Consider the aspects of data use and ownership that will be important to the fintech during the course of the service arrangement, and whether it would be appropriate to have the FI provide a licence to use the data rather than ownership rights over the data. In most cases, licensing is an appropriate approach, as fintechs generally do not need to own the data to achieve their objectives, and the parties have the ability to draft the licence rights broadly or narrowly based on their preferences and needs.
Fintechs should also consider the regulatory frameworks that may apply to certain types of data, and that will impose obligations on the fintech or the FI (e.g., required safeguards for and restrictions on the collection, use, disclosure or transfer of personal information of customers or employees; financial and trading data reporting requirements; and other requirements related to data loss detection and prevention and cyber incidents). It is critical for a fintech to design its policies and services with data management best practices in mind; for example, only collect and use the data that is needed and for which it has all required consents, use aggregation and anonymization, limit data retention, and have data destruction and disposal plans in place.

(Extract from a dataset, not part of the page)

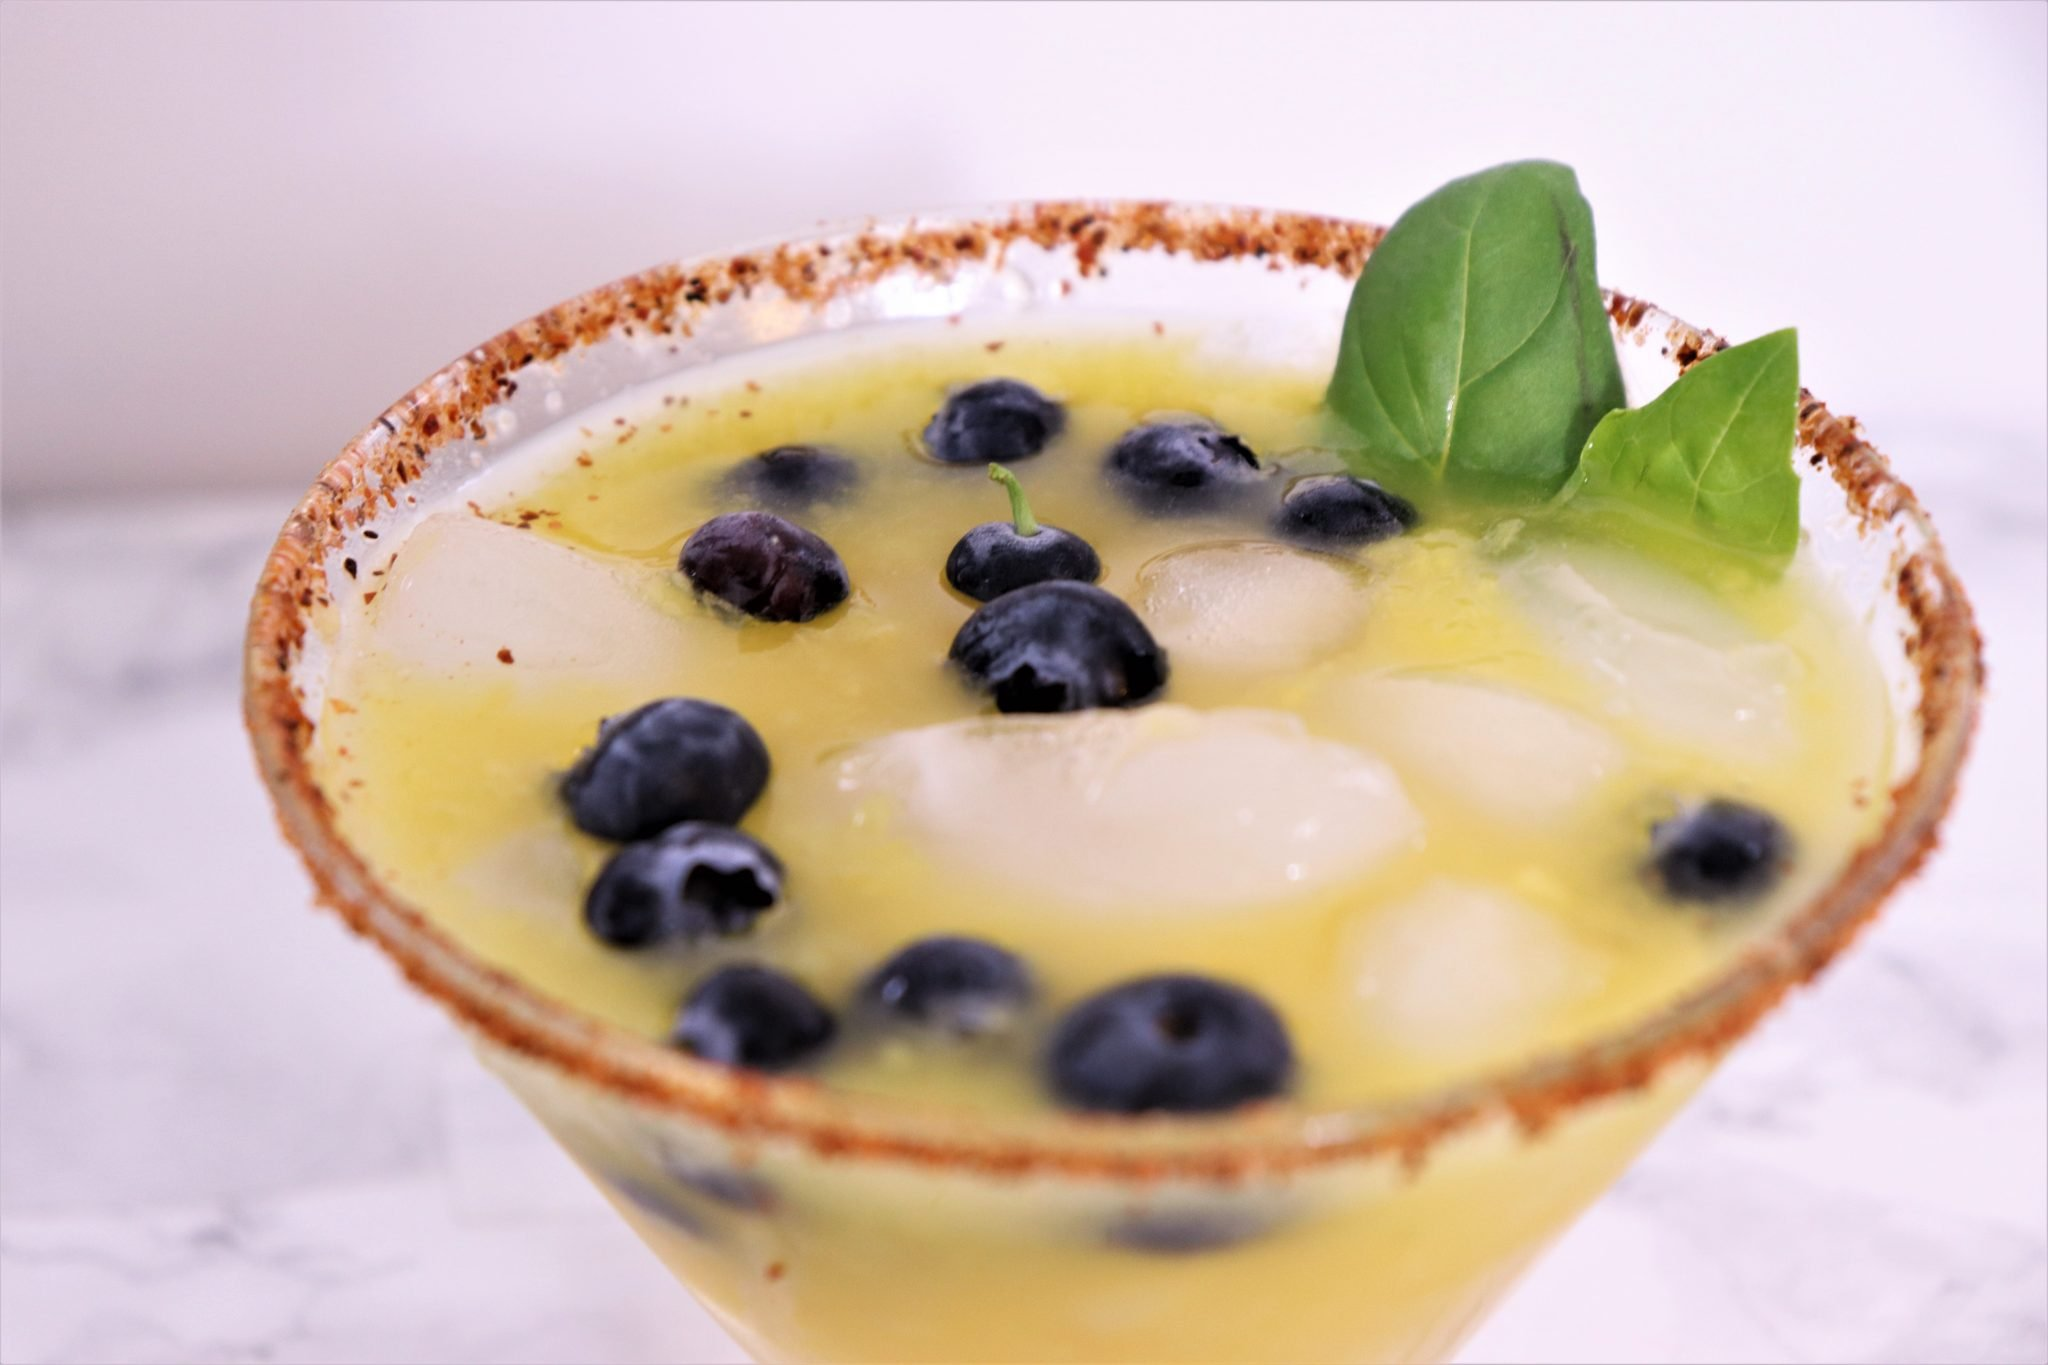 Maelstrom margarita recipe - Disney in your Day
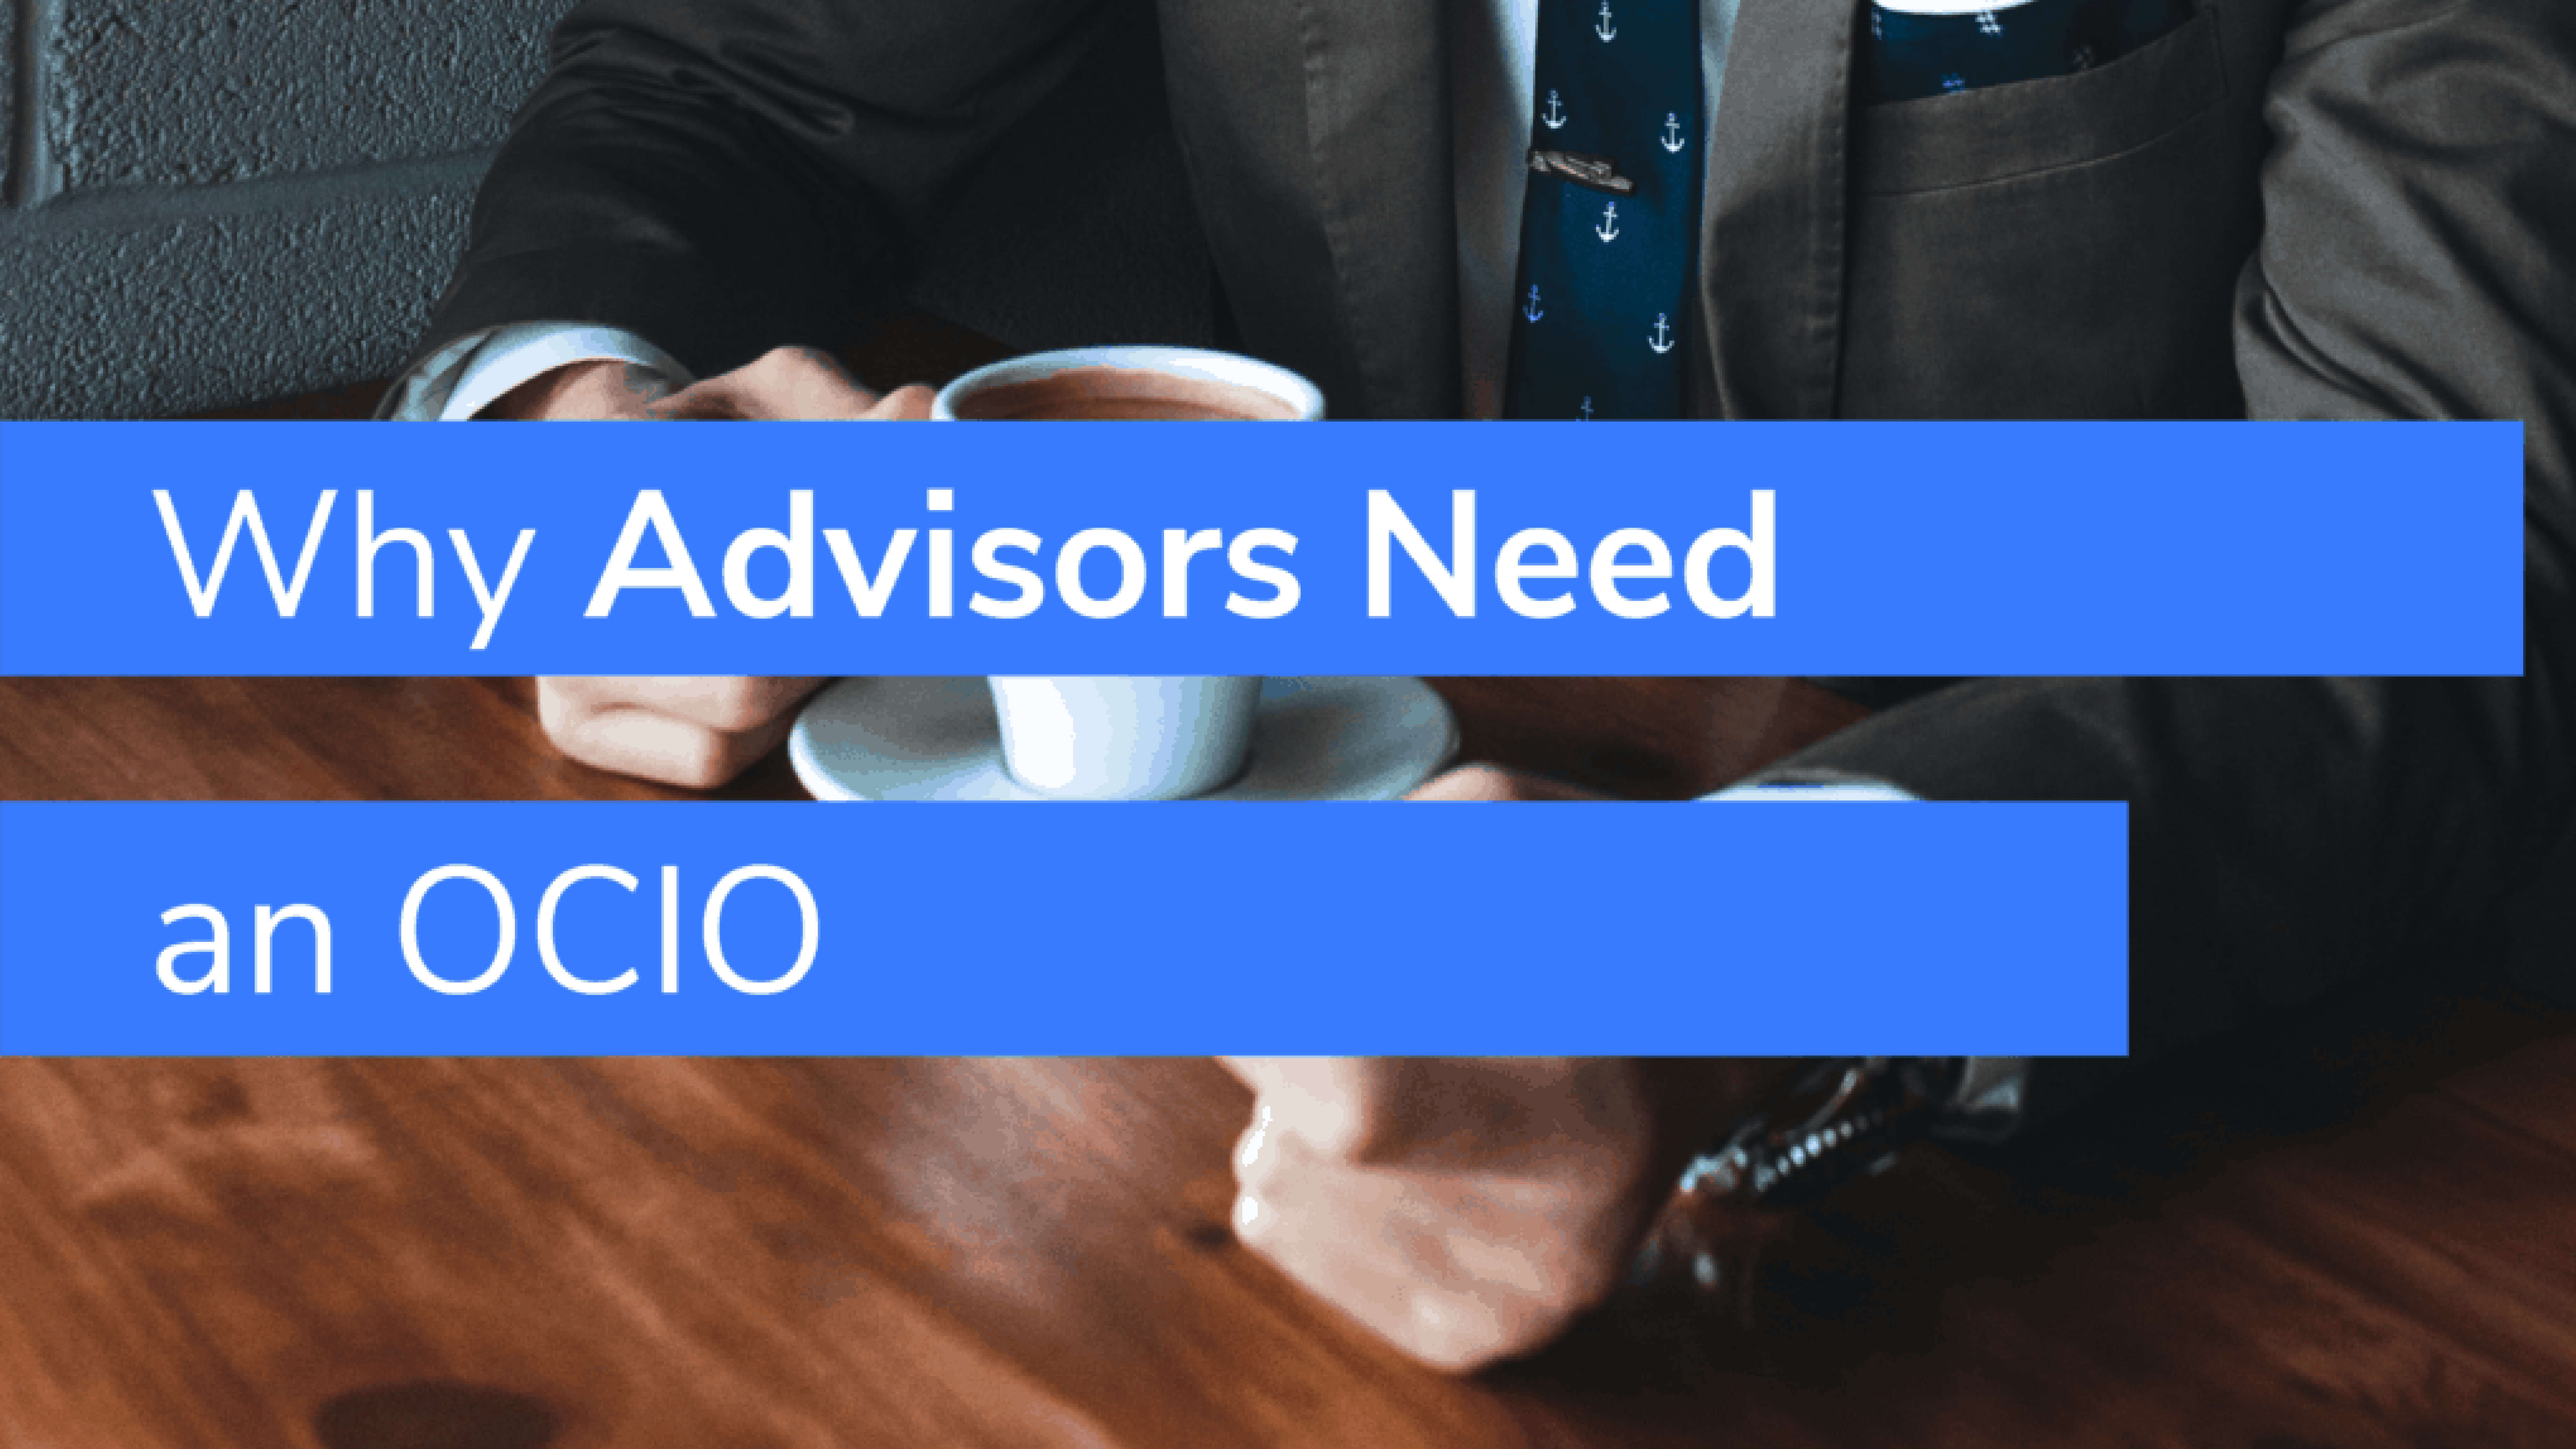 Why Advisors Need an OCIO

FIs are continuing to show interest in acquiring technology innovations, and the sector has gained experience and comfort in this space. FI teams are now more familiar with the risks and rewards of undertaking service arrangements with fintechs and are showing greater flexibility and openness to deviating from traditional arrangements by using short-form agreements, pilot programs and sandboxes. Many FIs now have special affiliates or divisions dedicated to agile technology projects and are coming to terms with cloud computing. Meanwhile, the open-banking movement, greater adoption of artificial intelligence and payment reform are all on the horizon. By understanding the interests of their two (often vastly) differing businesses, cultures and requirements, fintechs and FIs can conduct smoother negotiations and achieve mutually beneficial business collaborations.